Any such additional Series B Senior Notes will have the same interest rate,
maturity and other terms as those initially issued. Further Series B Senior
Notes may be also authenticated and delivered as provided by Sections 304, 305,
306, 905 or 1107 of the Original Indenture.

     The Series B Senior Notes shall be issued in definitive fully registered
form without coupons, in substantially the form set out in Exhibit A hereto. The
                                                           ---------
entire initially issued principal amount of the Series B Senior Notes shall
initially be evidenced by one or more certificates issued to Cede & Co., as
nominee for The Depository Trust Company.

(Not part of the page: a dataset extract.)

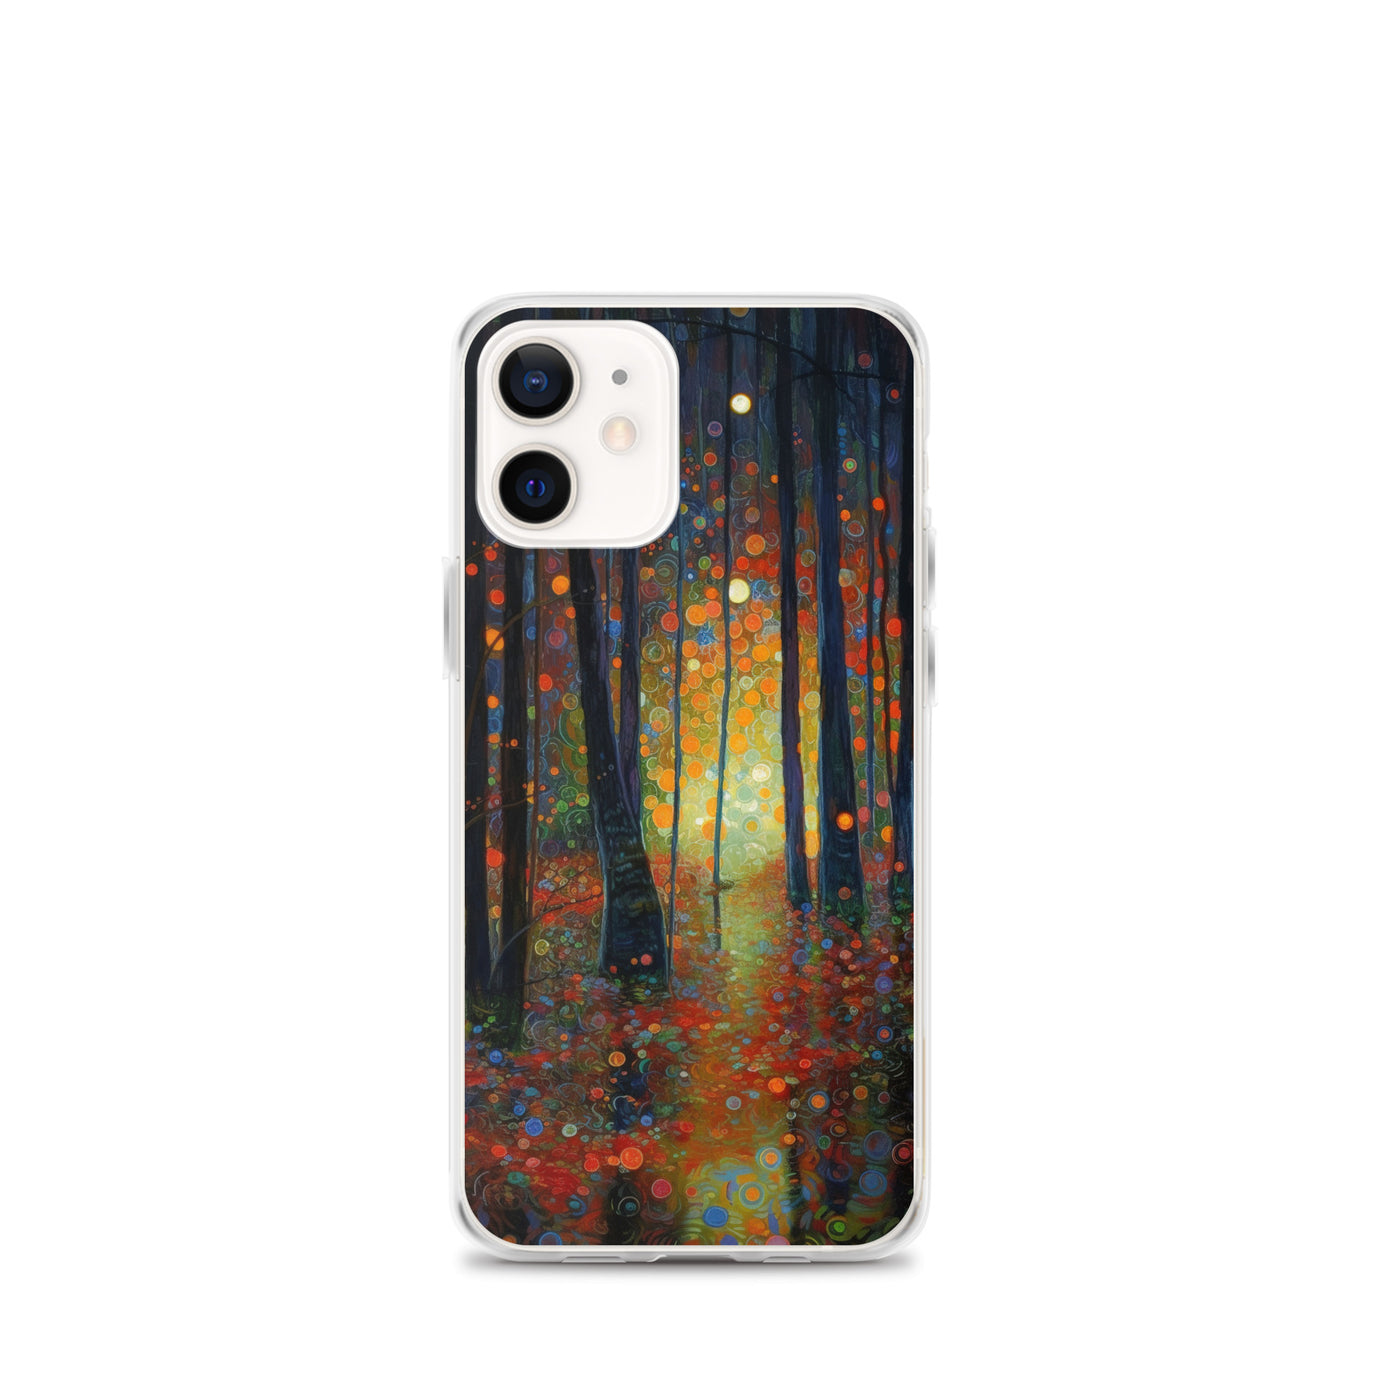 Wald voller Bäume - Herbstliche Stimmung - Malerei - iPhone Schutzhülle (durchsichtig) camping xxx iPhone 12 mini

     The form of the Trustee's Certificate of Authentication for the Series B
Senior Notes shall be in substantially the form set forth in Exhibit B hereto.
                                                             ---------

     Each Series B Senior Note shall be dated the date of authentication thereof
and shall bear interest from the date of original issuance thereof or from the
most recent Interest Payment Date to which interest has been paid or duly
provided for.

     SECTION 102.   Definitions. The following defined terms used herein shall,
                    -----------
unless the context otherwise requires, have the meanings specified below.
Capitalized terms used herein for which no definition is provided herein shall
have the meanings set forth in the Original Indenture.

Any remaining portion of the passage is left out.